How to perform processing on Linux cluster

All DLS Users have connection privileges to the Linux environment accessed via NX (NoMachine). Here we describe how can one get access to data acquired on e01 / e02 and run a simple python script, saving the outcome on the storage space.

Establish the remote connection via NX (see screenshot, a guide to do this for users is available here). From this connection the data on dls/e01 and dls/e02 storage spaces can be seen.

Each sessiondata folder contains multiple folders. We are currently saving data to the raw folder. This folder is not editable after the session's termination. The processing folder can be edited and is archived on dls server. The tmp folder can also be modified, but its contents get deleted after 3 days and is not archived. It is then recommended to write the outcome of any processing performed here to the "processing" folder.

Right click on Desktop and start a cmd window (Open in Terminal).

Browse to the session data folder of interest, for example:

cd ./data/2017/nt19520-1/processing

Hyperspy is installed on a python 3 environment, so you need to activate this environment to gain access to hyperspy, if needed. For this, run the following:

module load python/ana

source activate python3

start a python file by:

gedit test.py

This would open a new editor with this name. Save it in the current folder.

In order to have access to the cmd window, apply Ctrl+Z in cmd. This would break from the python file and make the cmd window active. now execute > bg. This would run the python editor in the background.

Create a python routine. See example. This small script. loads a .dm4 file from the session data and saves it in the processing folder as a .png image. Couple of print commands to check the progress of the code.

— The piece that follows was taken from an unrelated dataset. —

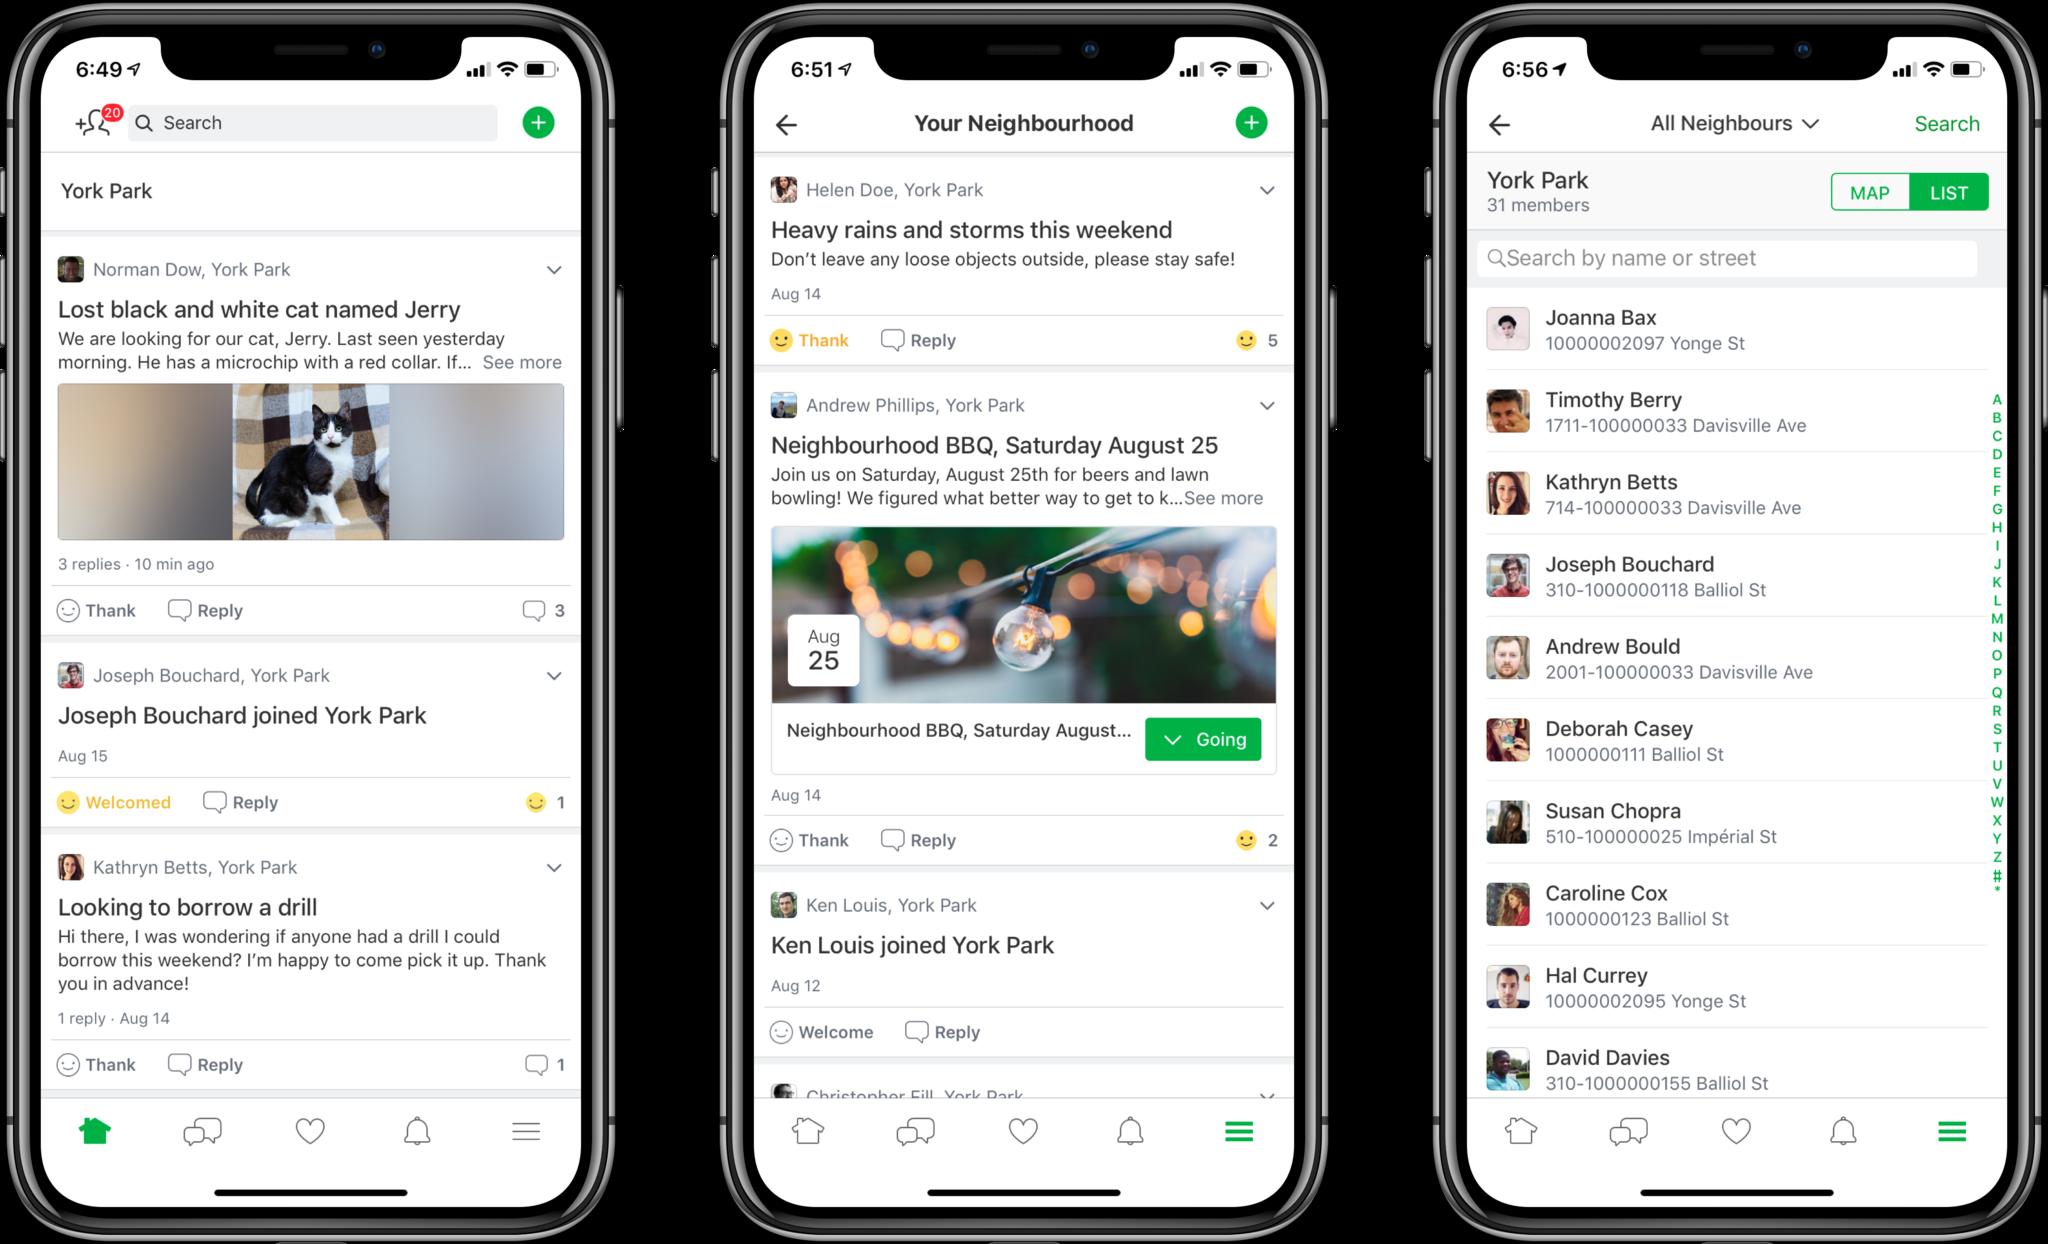 individuals posting on Nextdoor across 3 screens

In order to be able to run this python routine on the cluster we need to create a bash file. Firstly we need to load a module as follows:

module load global/cluster

Start another editor file:

gedit test.sh

Point to the correct python environment and file as given in the example.

Run the routine by:

qsub test.sh

This submits this job to the cluster with low priority.

In order to send with medium prority change to the following:

qsub -q medium.q test.sh

High priority is reserved for GDA / acquisition jobs.

This will send this job to queue. Once executed, in the processing folder we have new files, as can be seen in the example case.